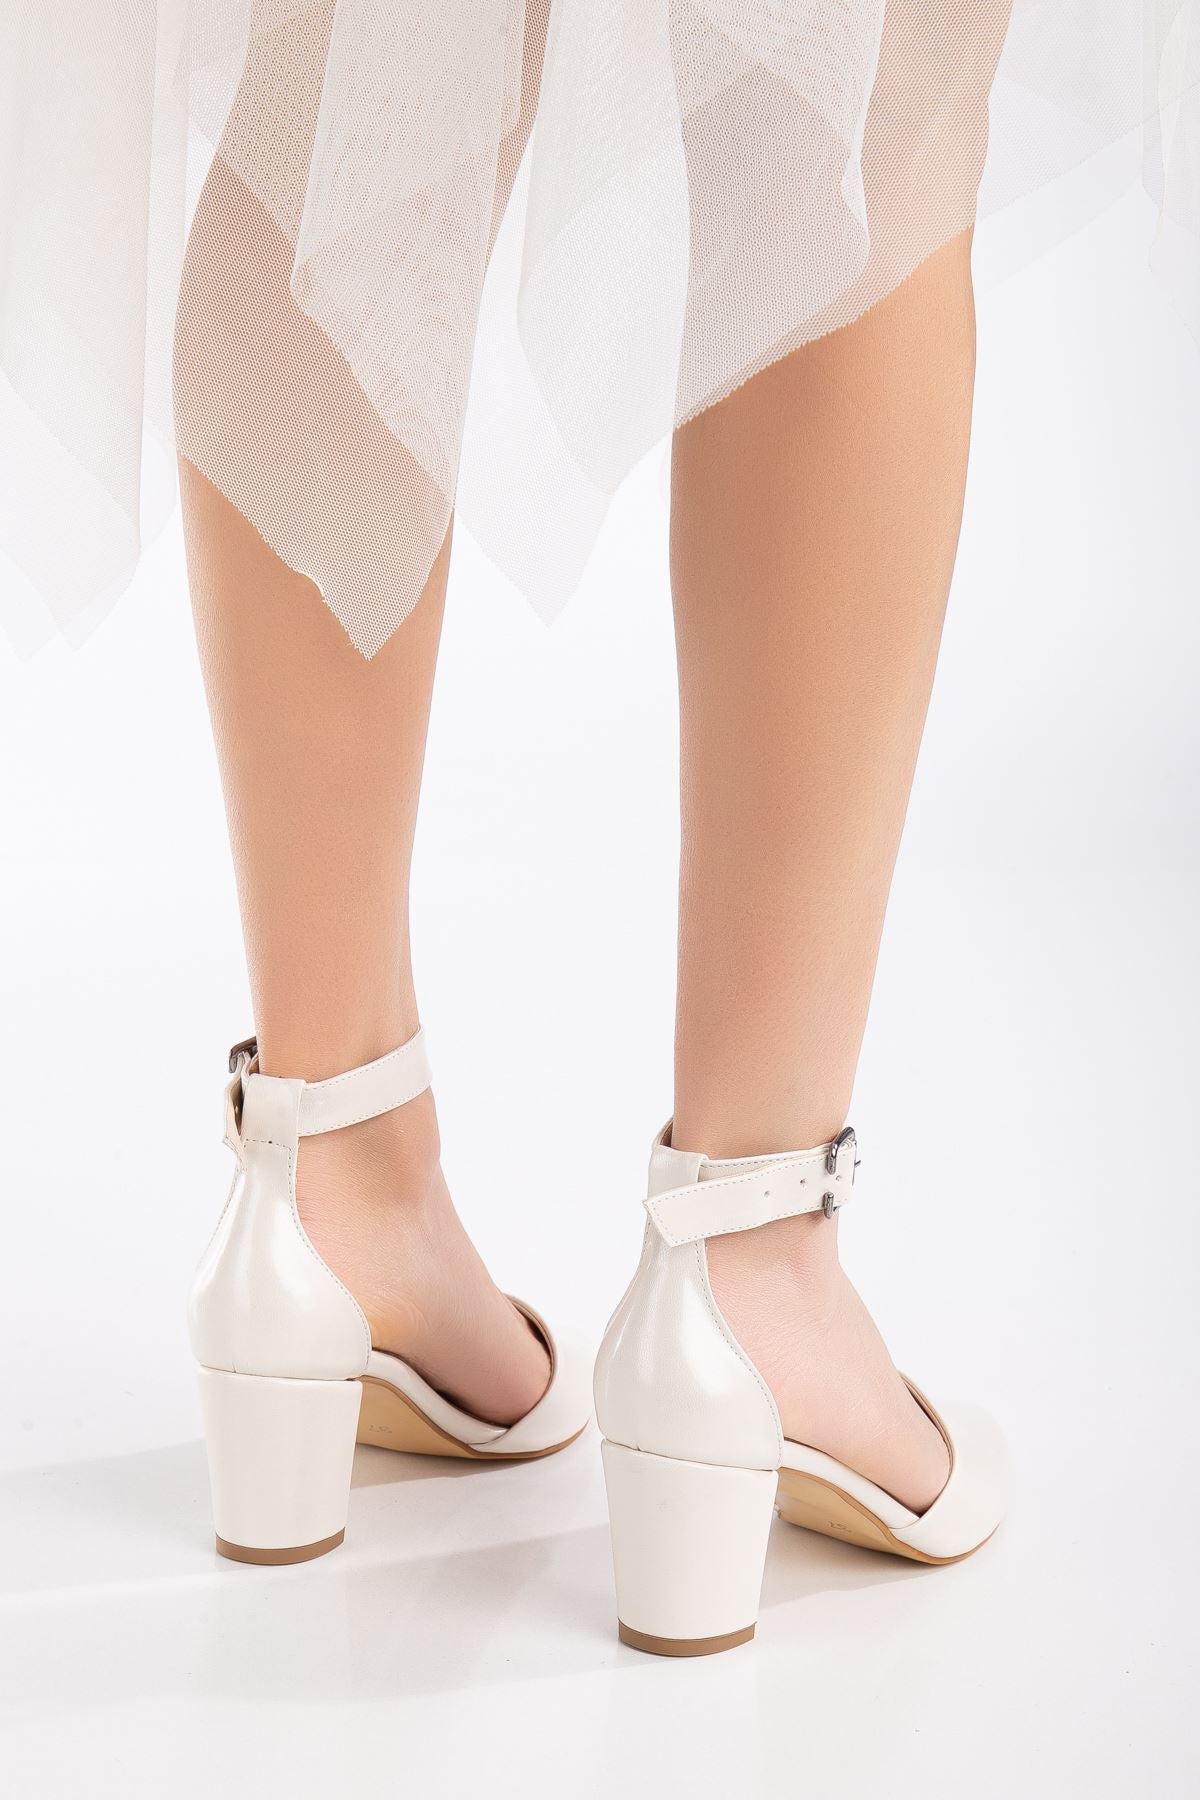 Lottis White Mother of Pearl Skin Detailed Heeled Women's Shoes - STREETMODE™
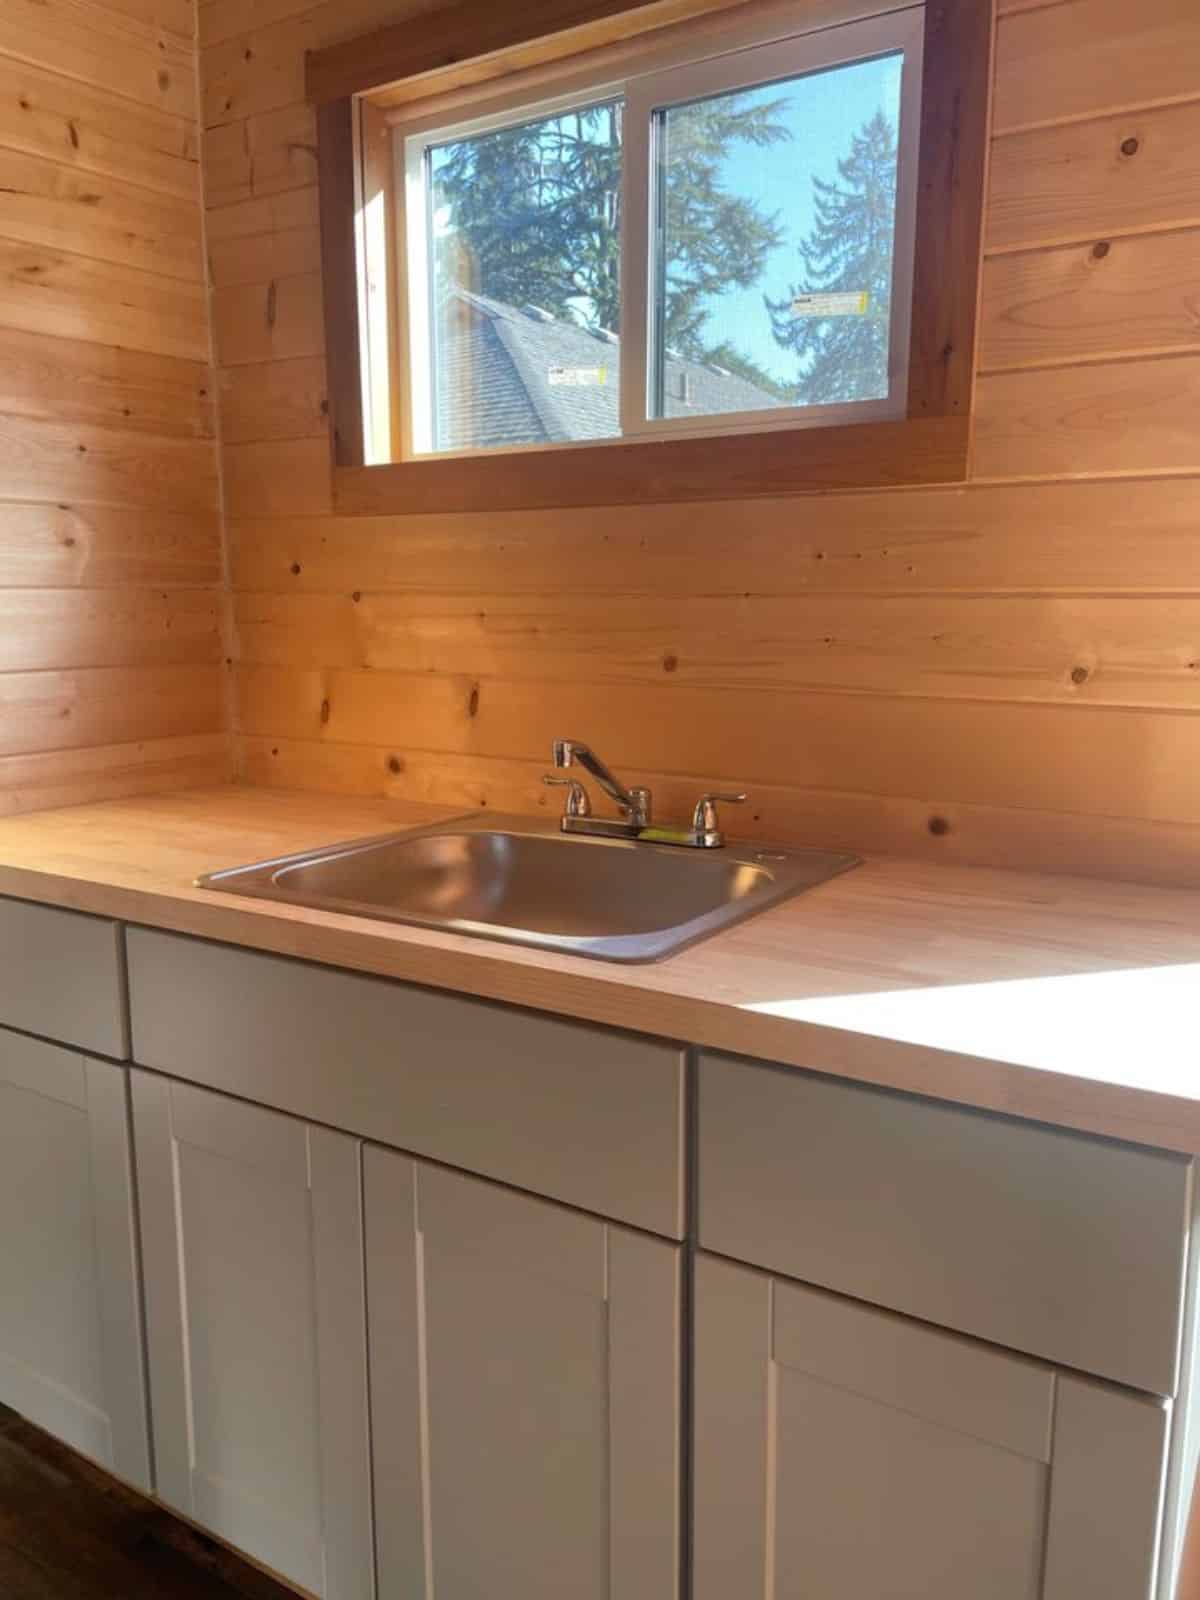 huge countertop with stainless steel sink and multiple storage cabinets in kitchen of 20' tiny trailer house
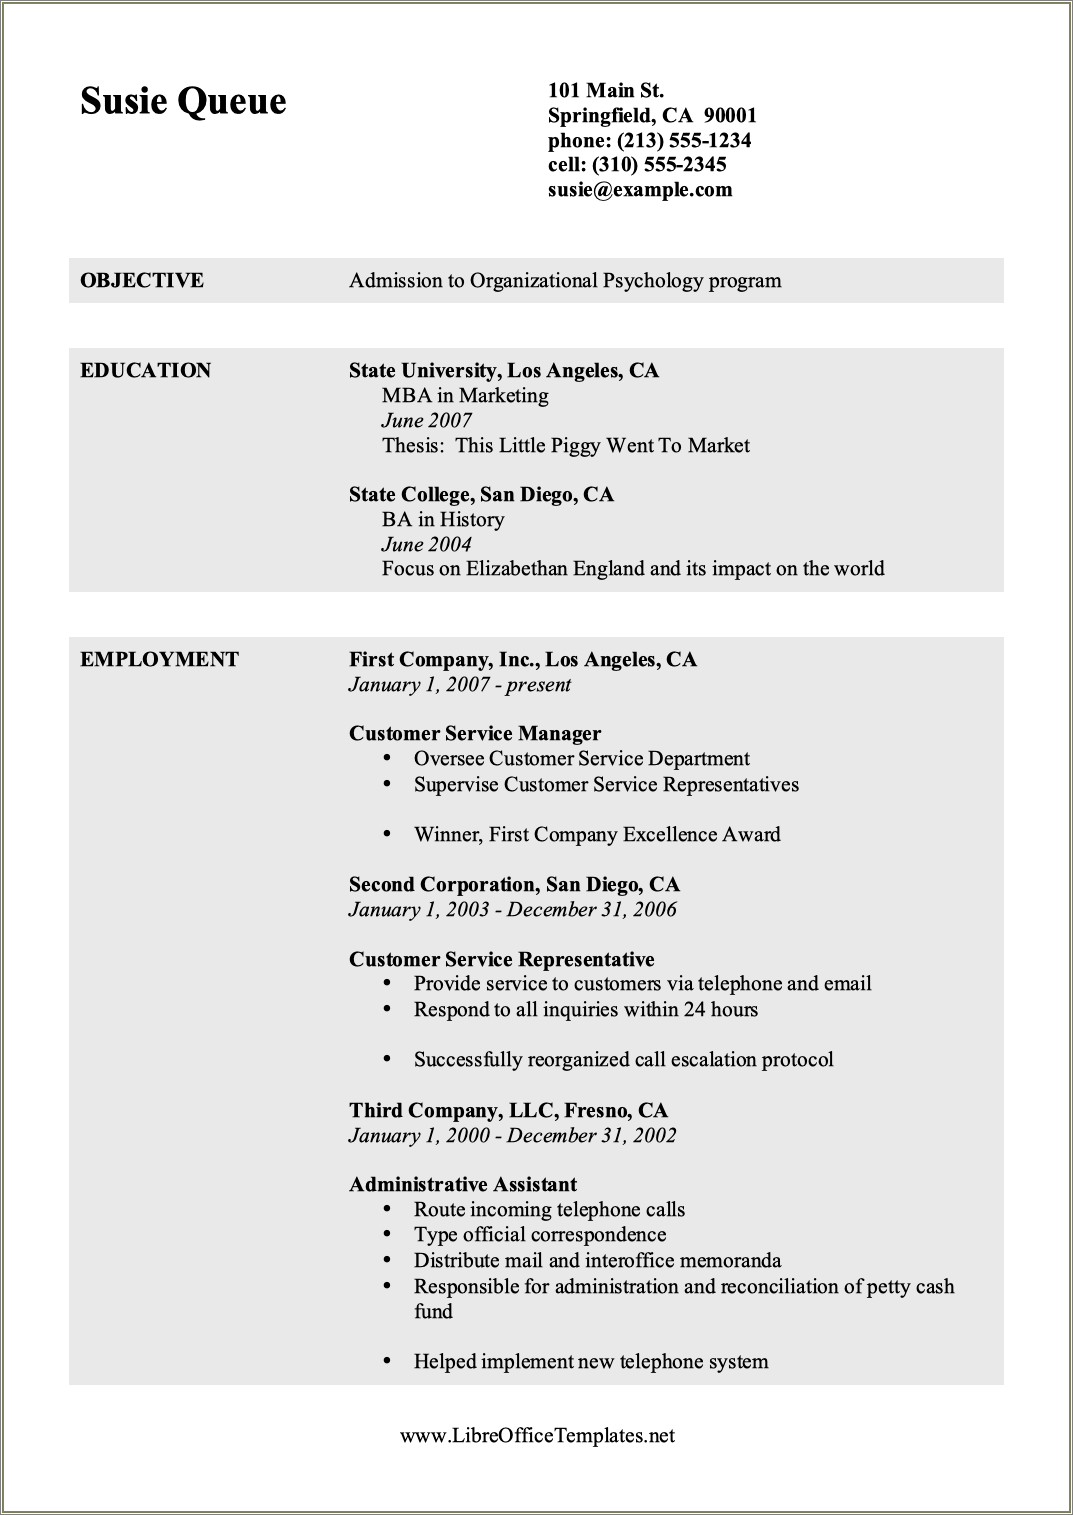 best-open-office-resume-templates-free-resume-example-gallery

YOUR ASSIGNMENT: Take every line of the material and copy it exactly, leaving out the pictures.

RESPONSE TO THIS EXERCISE:
 Lottis White Mother of Pearl Skin Detailed Heeled Women's Shoes - STREETMODE™
 huge countertop with stainless steel sink and multiple storage cabinets in kitchen of 20' tiny trailer house
 best-open-office-resume-templates-free-resume-example-gallery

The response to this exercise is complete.